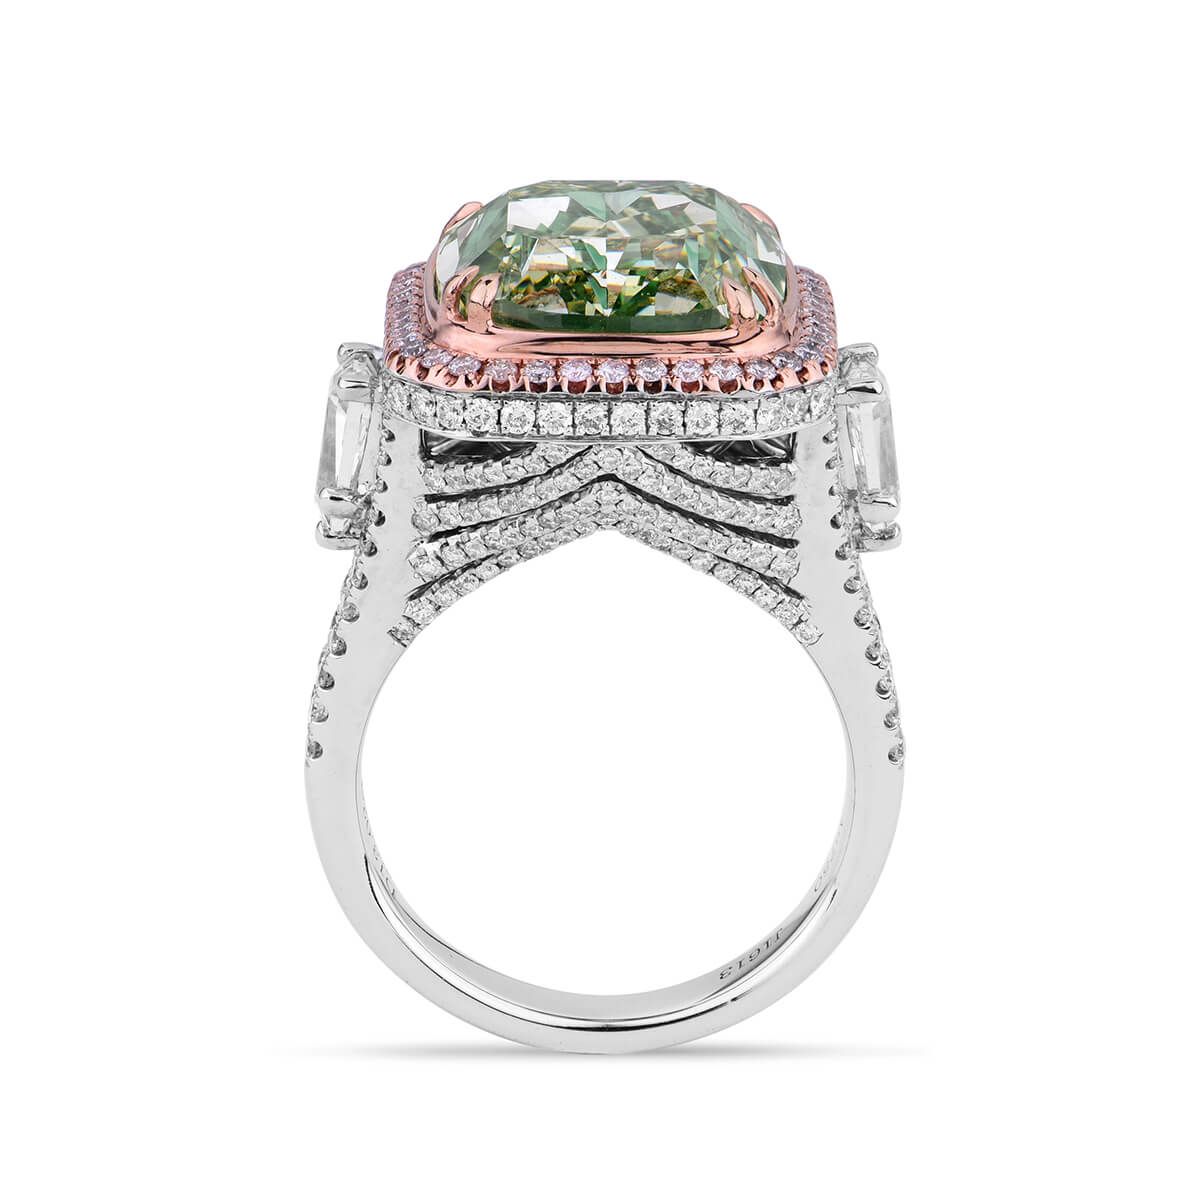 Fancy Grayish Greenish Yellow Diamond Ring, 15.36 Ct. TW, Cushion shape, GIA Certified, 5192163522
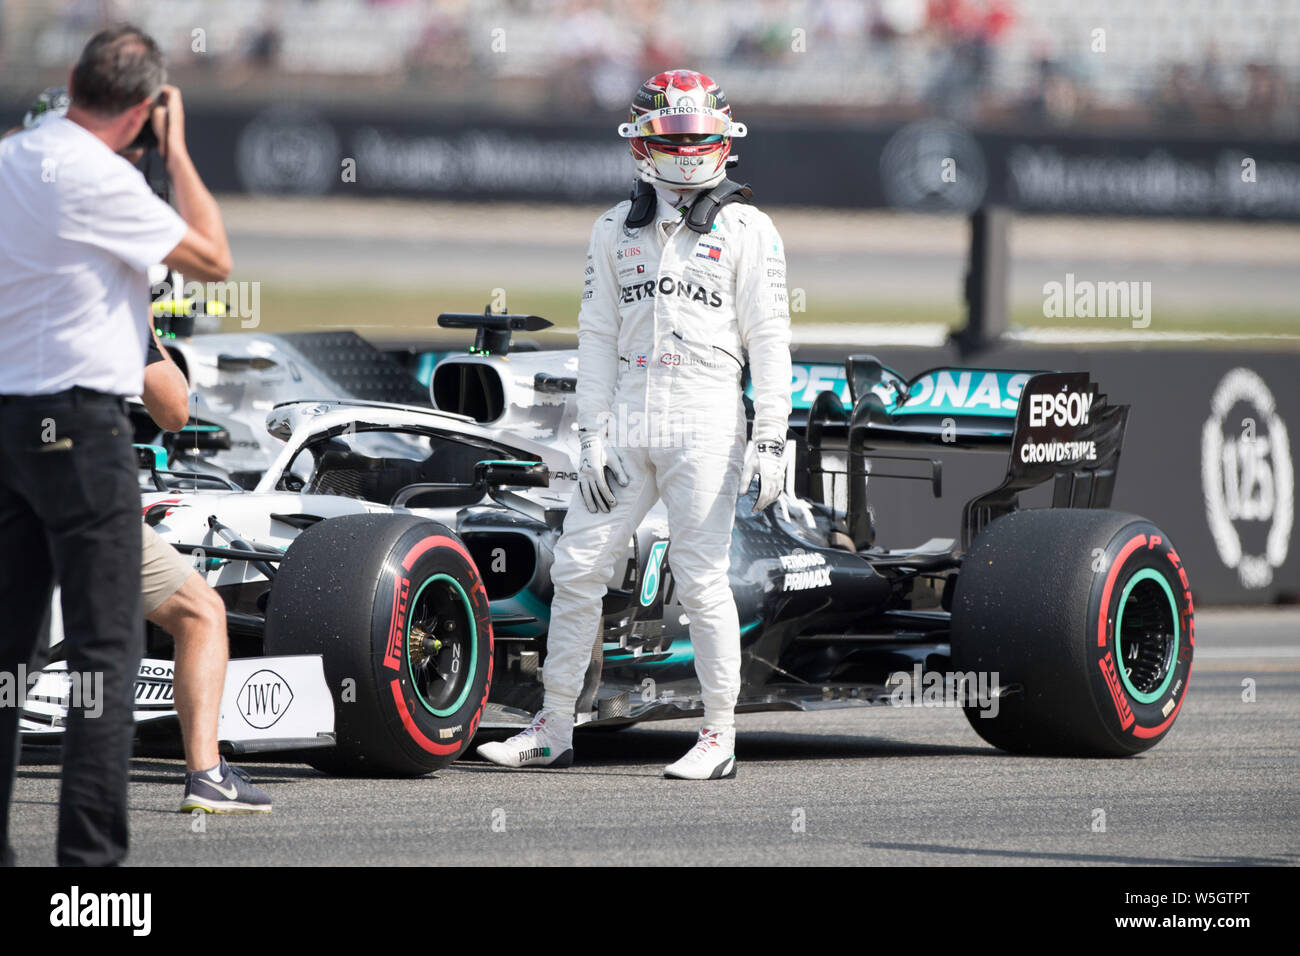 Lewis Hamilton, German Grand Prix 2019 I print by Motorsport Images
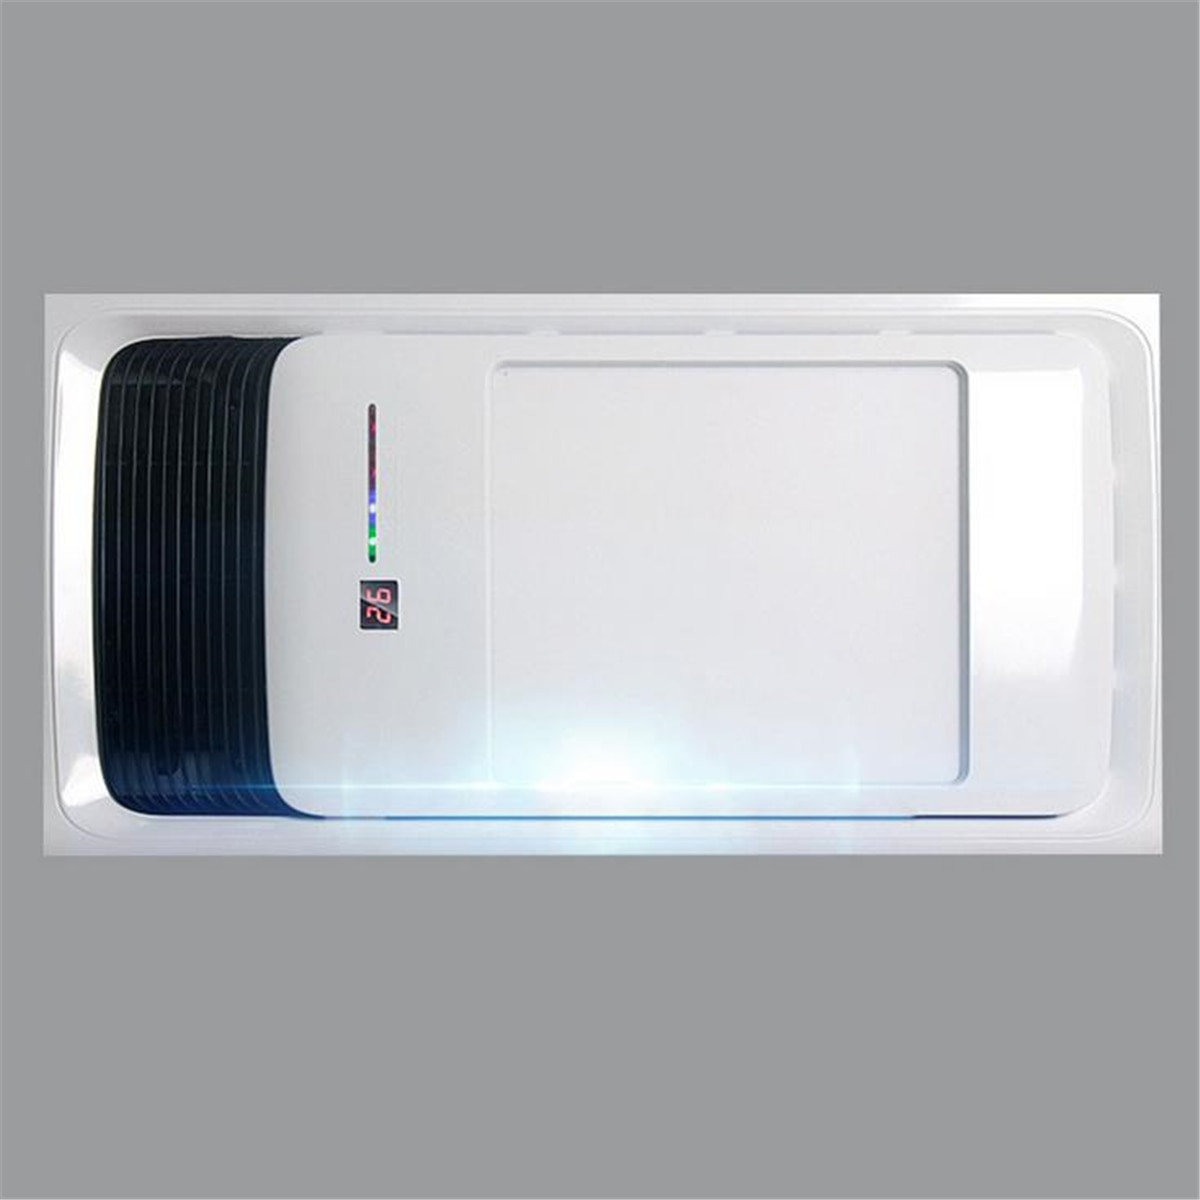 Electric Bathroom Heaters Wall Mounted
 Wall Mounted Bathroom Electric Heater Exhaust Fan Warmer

--

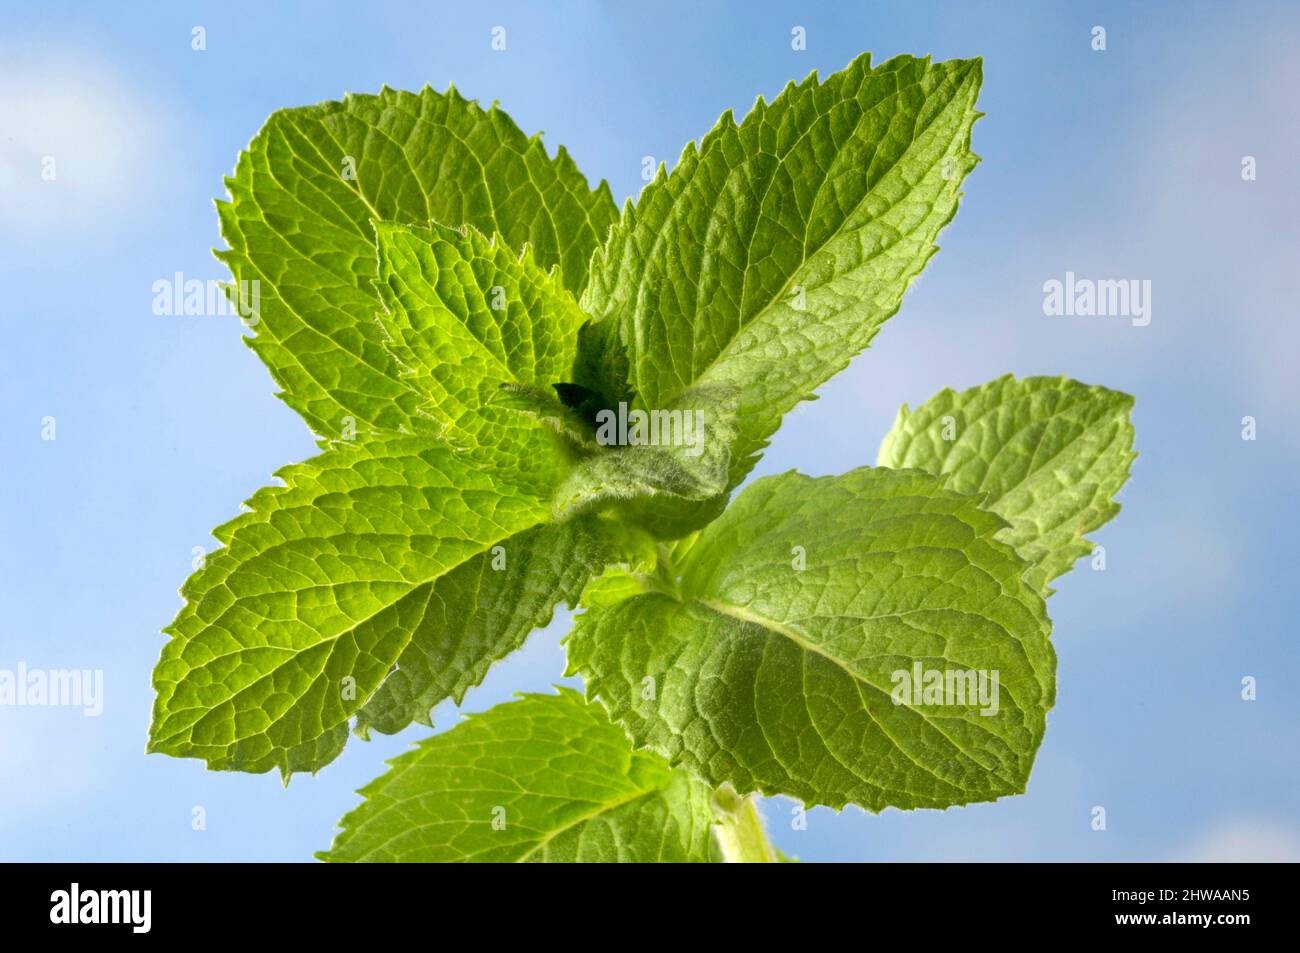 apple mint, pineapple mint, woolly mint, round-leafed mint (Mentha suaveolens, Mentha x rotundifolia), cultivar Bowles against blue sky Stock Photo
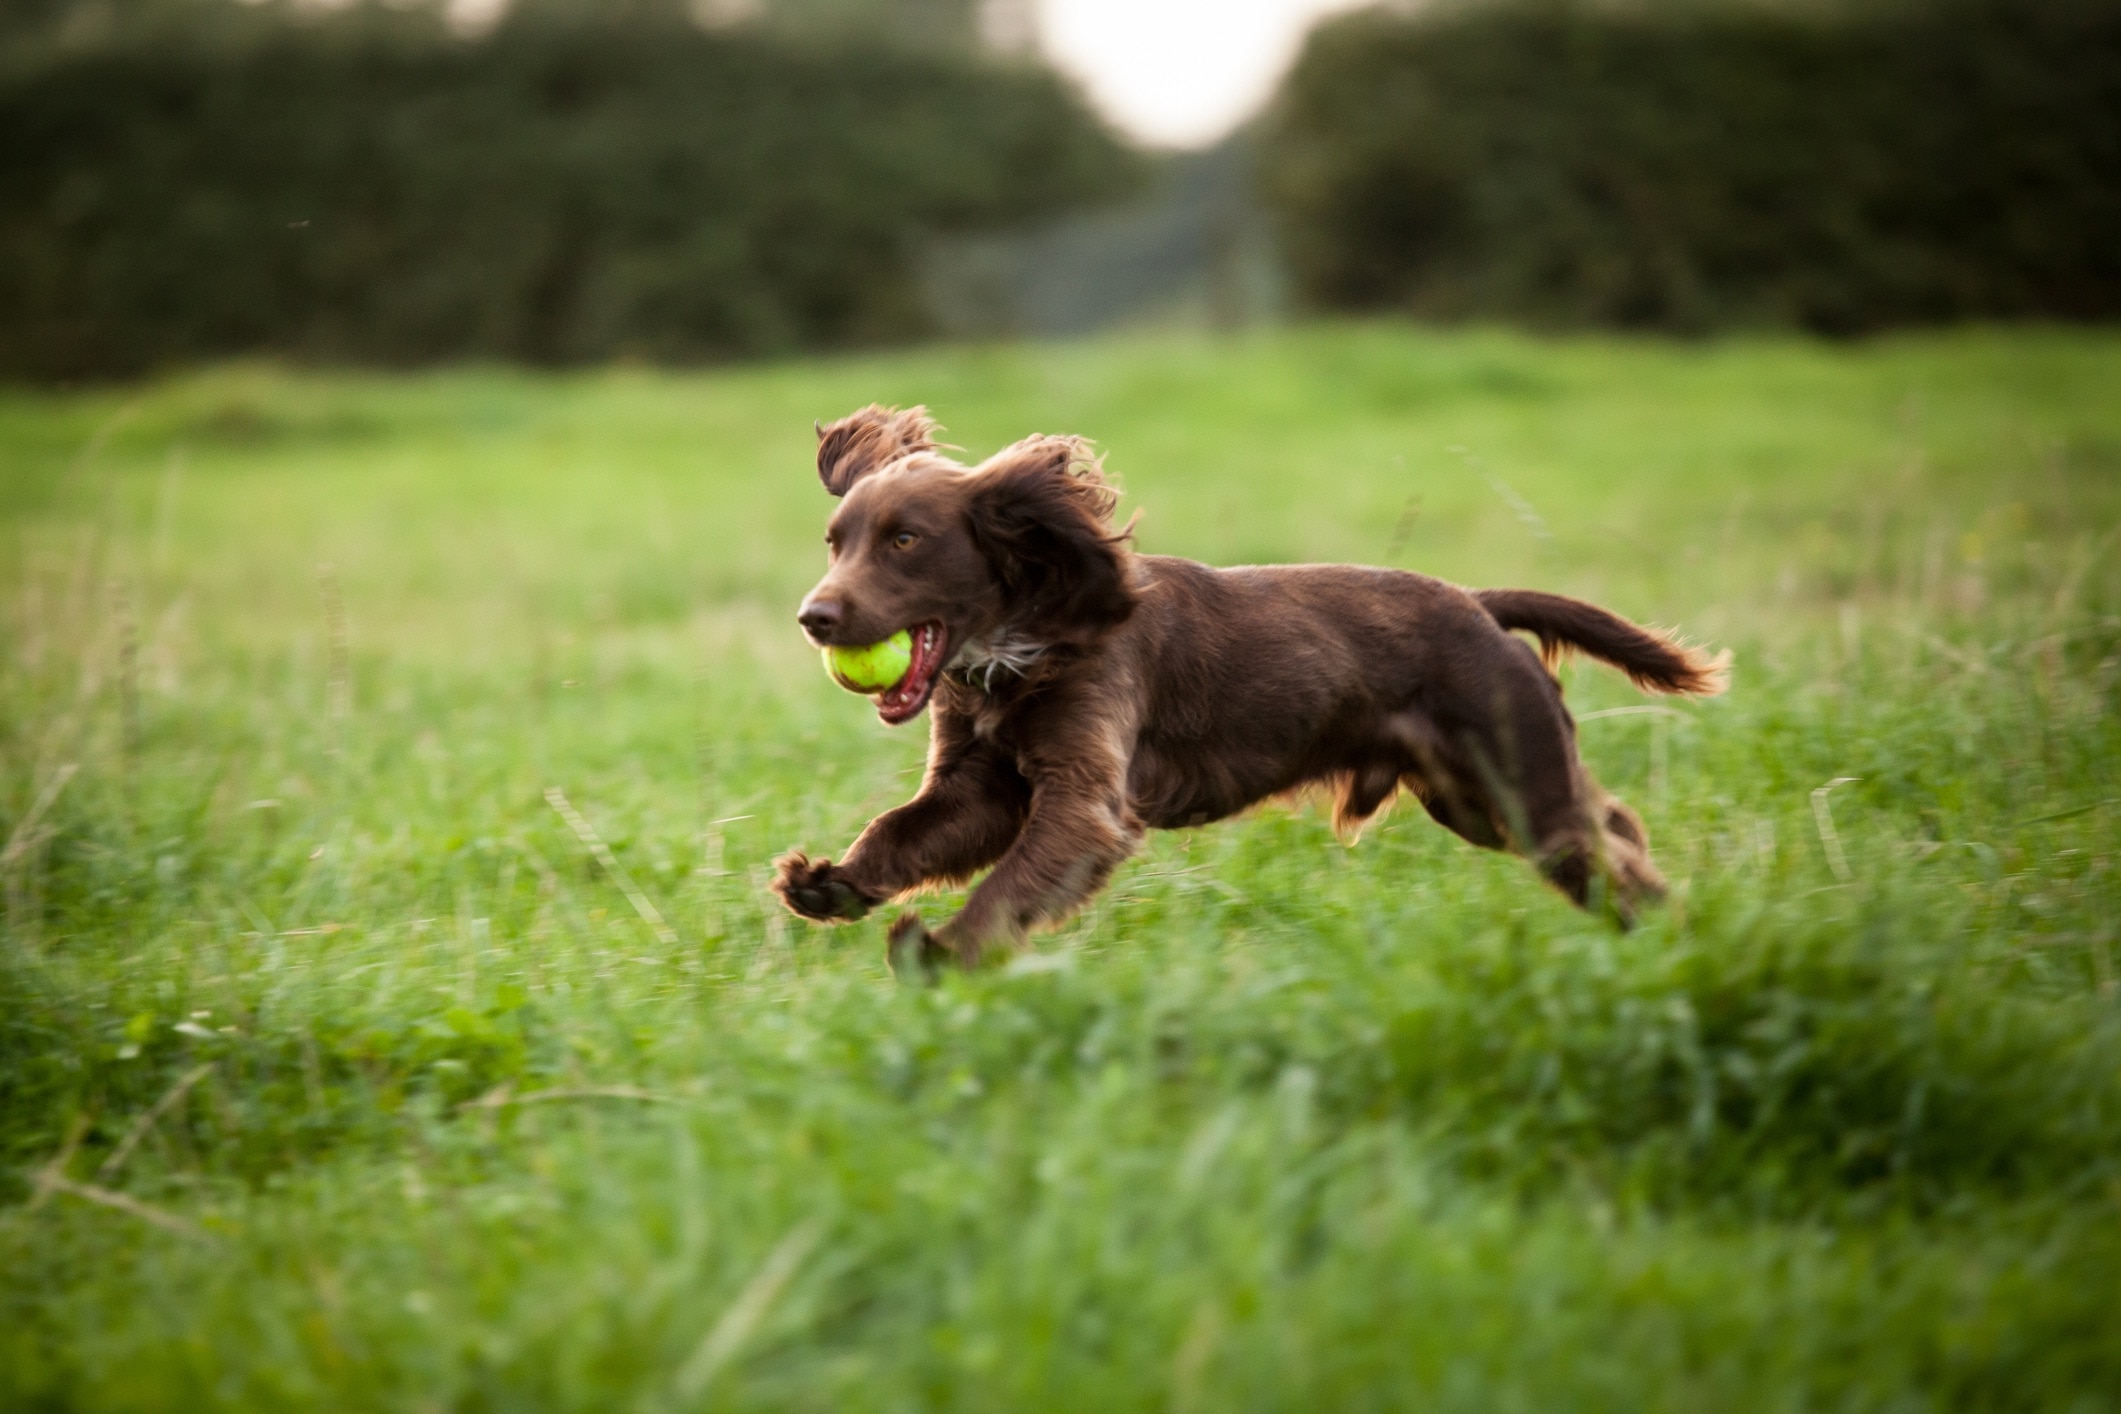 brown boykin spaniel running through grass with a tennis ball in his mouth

Task instructions ▸
In the entries above, find the line containing "Fancy Grayish Greenish" and the line containing "Wall Mounted Bathroom", then copy both and every line between them exactly, without any picture.

The completed task ▸
 Fancy Grayish Greenish Yellow Diamond Ring, 15.36 Ct. TW, Cushion shape, GIA Certified, 5192163522
 Lewis Hamilton, German Grand Prix 2019 I print by Motorsport Images
 Electric Bathroom Heaters Wall Mounted
 Wall Mounted Bathroom Electric Heater Exhaust Fan Warmer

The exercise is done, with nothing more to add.